PayPal, an online payment company, has announced a plan to cut 2,000 jobs globally in the latest round of big tech layoffs.
The decision, according to the company, would affect 7 per cent of its workforce across the world.
The new development comes days after Google announced plans to lay off 12,000 of its employees.
In a message to the company’s employees on Tuesday, PayPal Chief Executive Officer, Dan Schulman, said the decision becomes inevitable in the face of the “challenging macroeconomic environment.”
Over the past year, he said the company has made significant progress in strengthening and reshaping it to address the challenging macroeconomic environment while continuing to invest to meet customers’ needs.
“While we have made substantial progress in right-sizing our cost structure, and focused our resources on our core strategic priorities, we have more work to do. We must continue to change as our world, our customers, and our competitive landscape evolves.
“Addressing these changes requires us to make hard decisions that will impact some of our colleagues.
“Today, I’m writing to share the difficult news that we will be reducing our global workforce by approximately 2,000 full-time employees, which is about 7 per cent of our total workforce,” Mr Schulman said.
The PayPal boss noted that these reductions will occur over the coming weeks, with some organisations impacted more than others.
“We will treat our departing colleagues with the utmost respect and empathy, provide them with generous packages, engage in consultation where required and support them with their transitions. I want to express my appreciation for the meaningful contributions they have made to PayPal.
“Change can be difficult particularly when it includes valued colleagues and friends departing.

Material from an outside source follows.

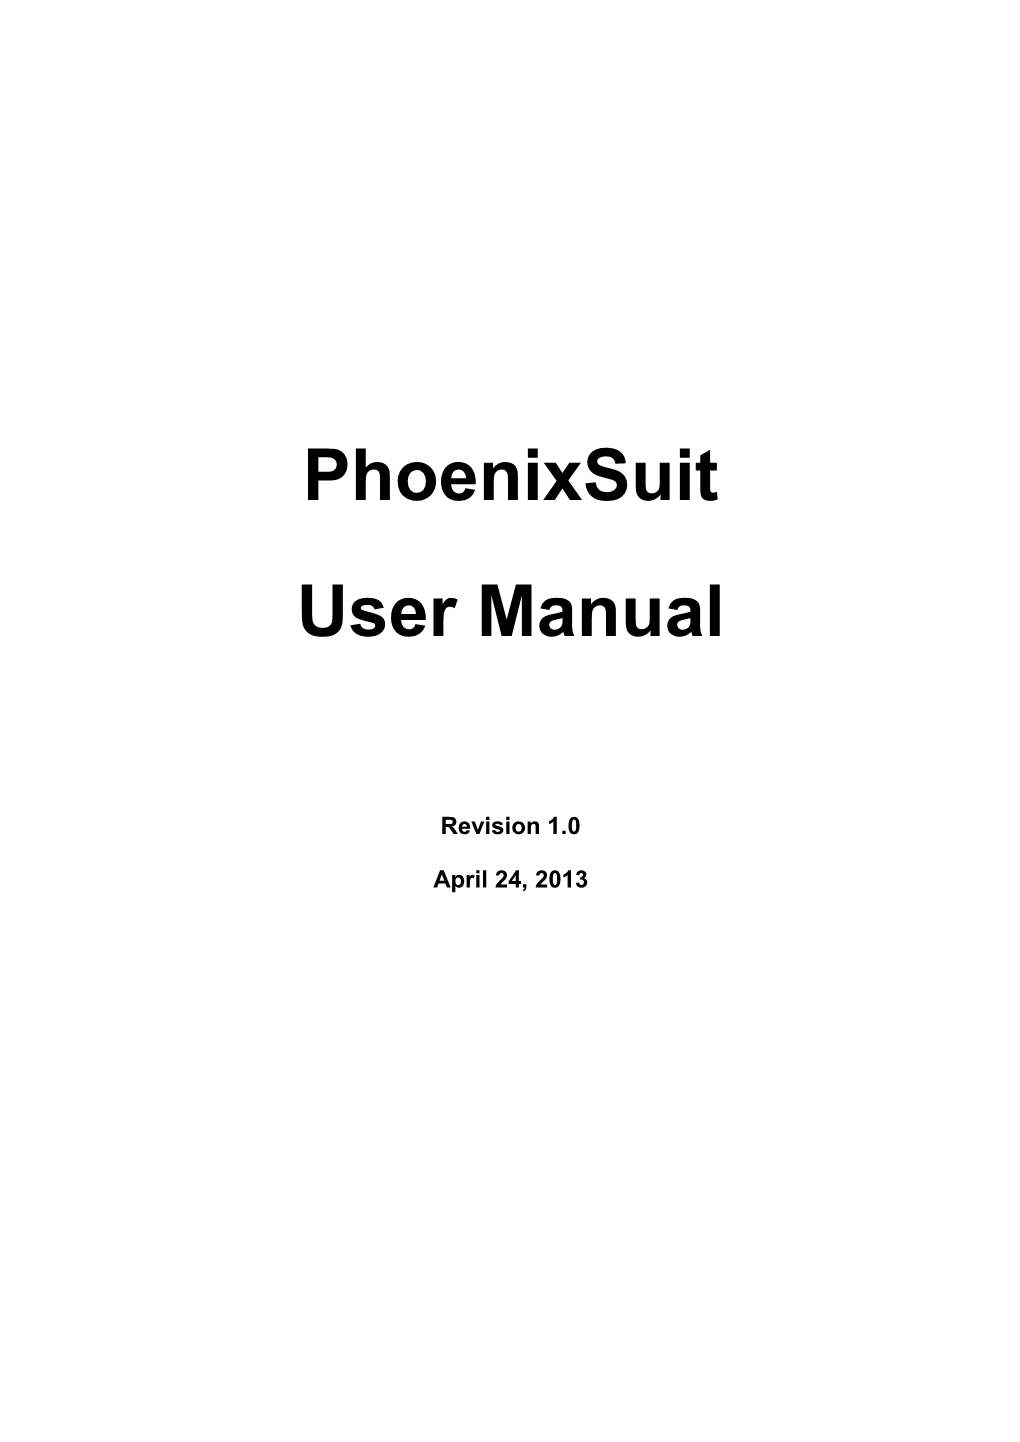 Phoenixsuit User Manual

We will face this head-on together, drawing on the unparalleled scale of our global platform, the strategic investments we have made to strengthen our core capabilities, and the trust and loyalty of our customers,” he said.
PayPal is the latest technology company to lay off its employees in a new wave of massive layoffs in the tech industry in which employees of Twitter, Facebook, Amazon, IT group Salesforce, Microsoft and Google have been affected.
Layoffs
Earlier in January, Salesforce announced it was laying off around 10 per cent of its employees.

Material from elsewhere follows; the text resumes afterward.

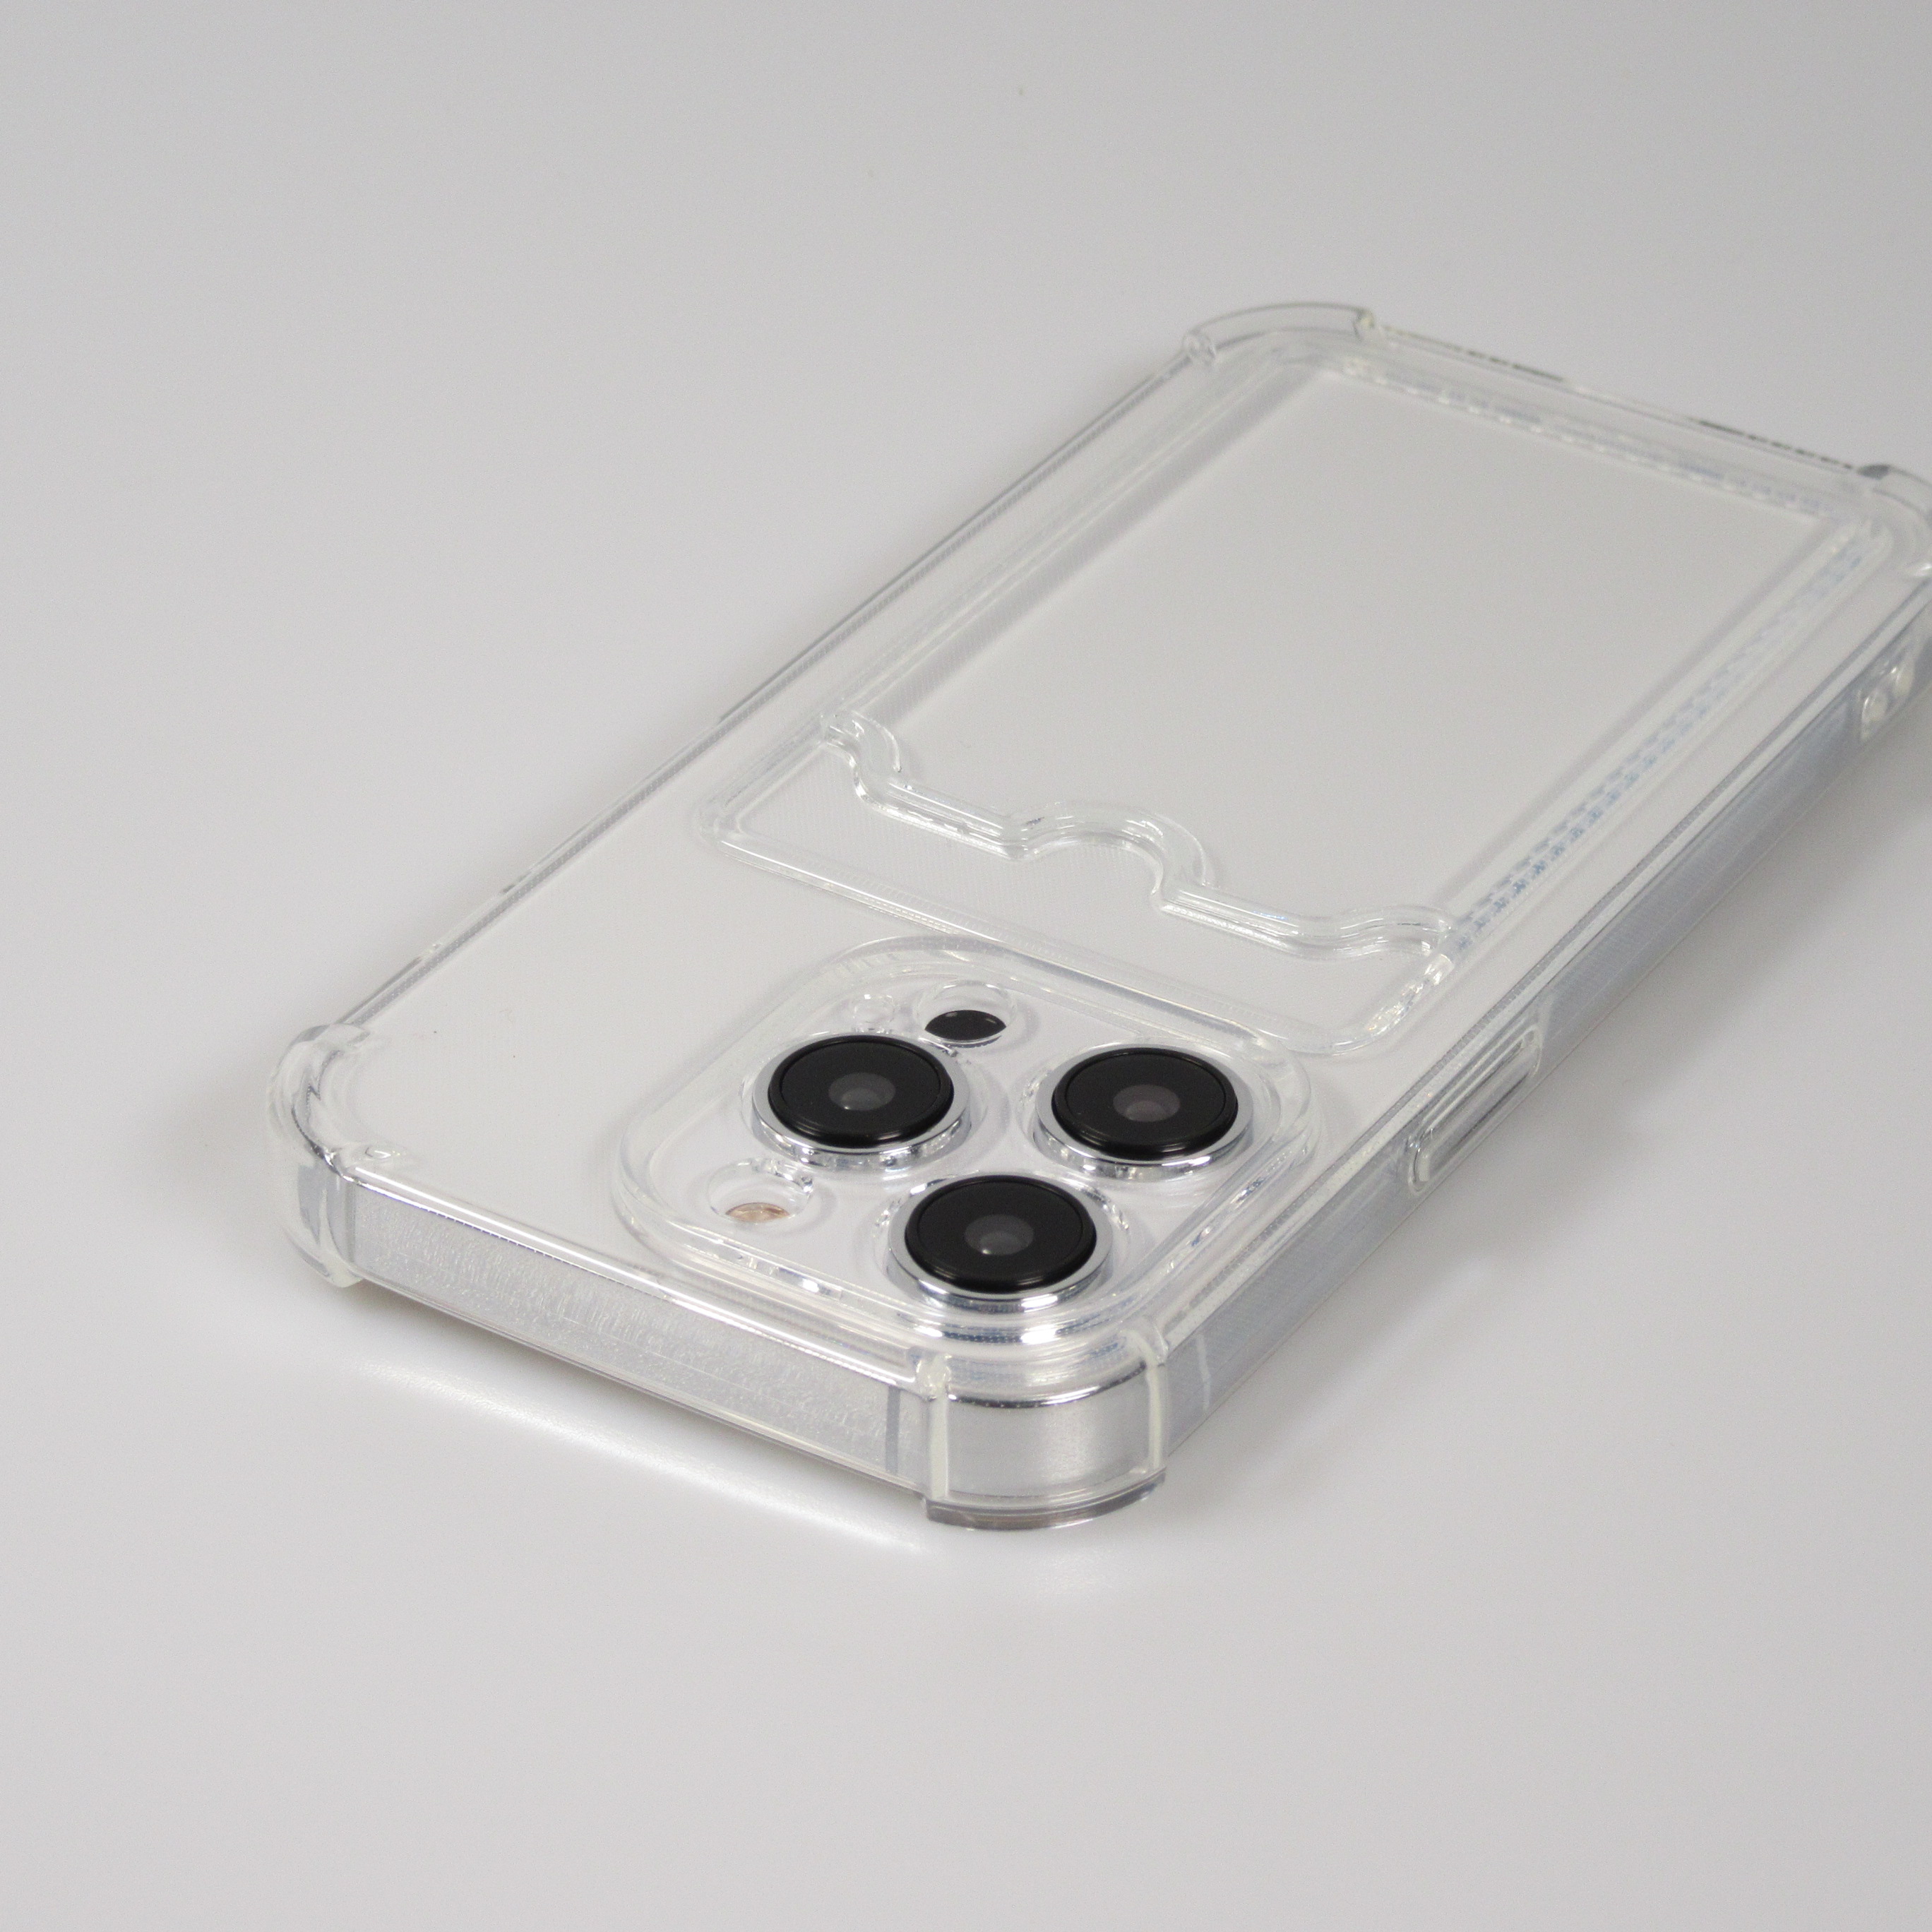 Coque iPhone 12 porte-cartes silicone (transparente)

Last year, Amazon laid off about 3 per cent of its corporate employees and less than one per cent of its global workforce.

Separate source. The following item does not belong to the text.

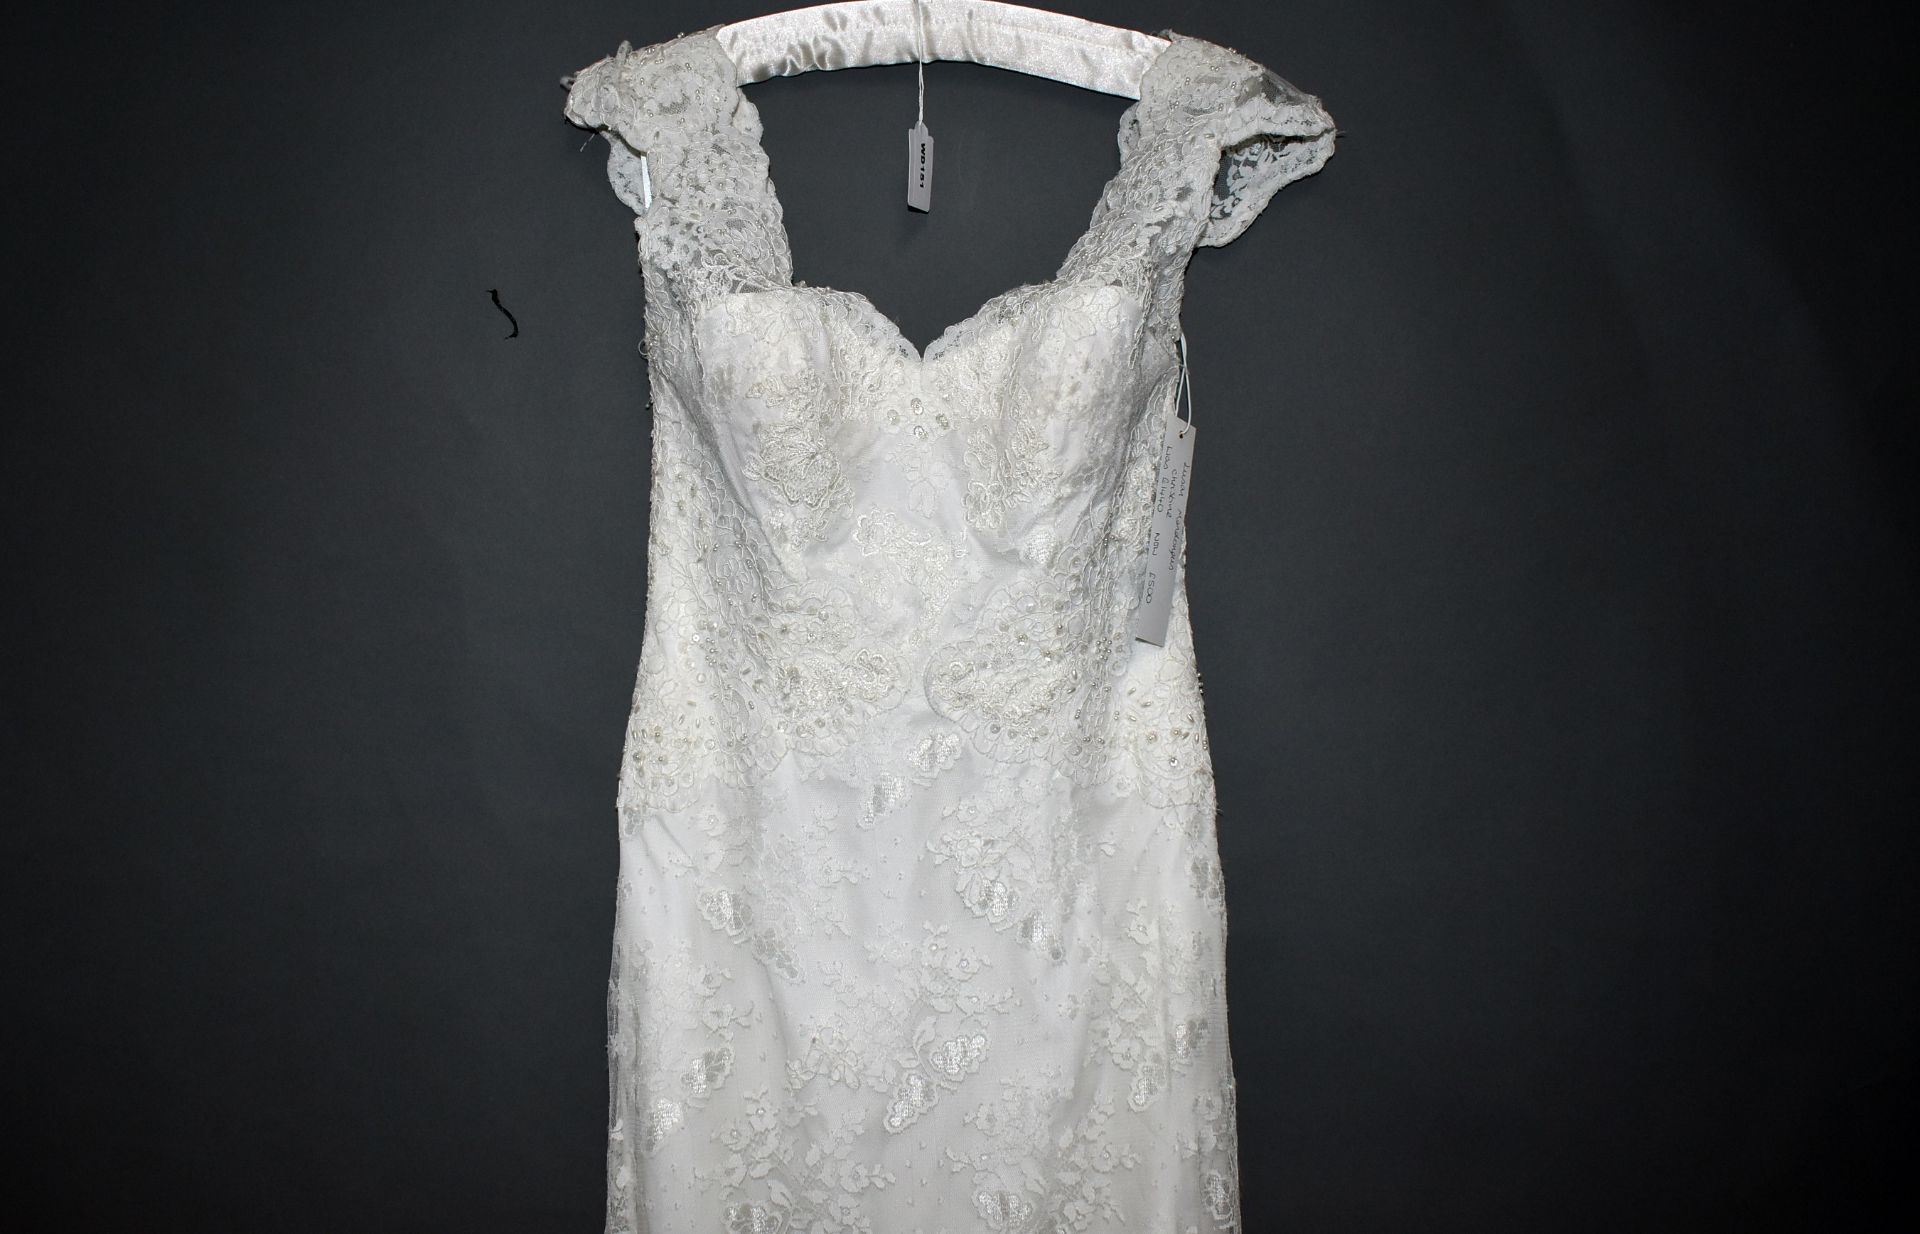 1 x LUSAN MANDONGUS Lace Overlay Fishtail Designer Wedding Dress Bridal Gown RRP £1,440 UK 12 - Image 2 of 6

In November 2022, Twitter Inc laid off half its workforce as advertisers pulled spending amid concerns about content moderation.
Facebook’s parent company, Meta, also announced it would lay off more than 11,000 of its employees, reducing the company’s workforce by about 13 per cent.
READ ALSO: Google to layoff 12,000 employees
Also, Microsoft announced plans to lay off approximately 11,000 of its employees, reducing the company’s workforce by roughly 5 per cent.
Last month, Google’s parent company, Alphabet, announced plans to lay off 6 per cent of its workforce across the world.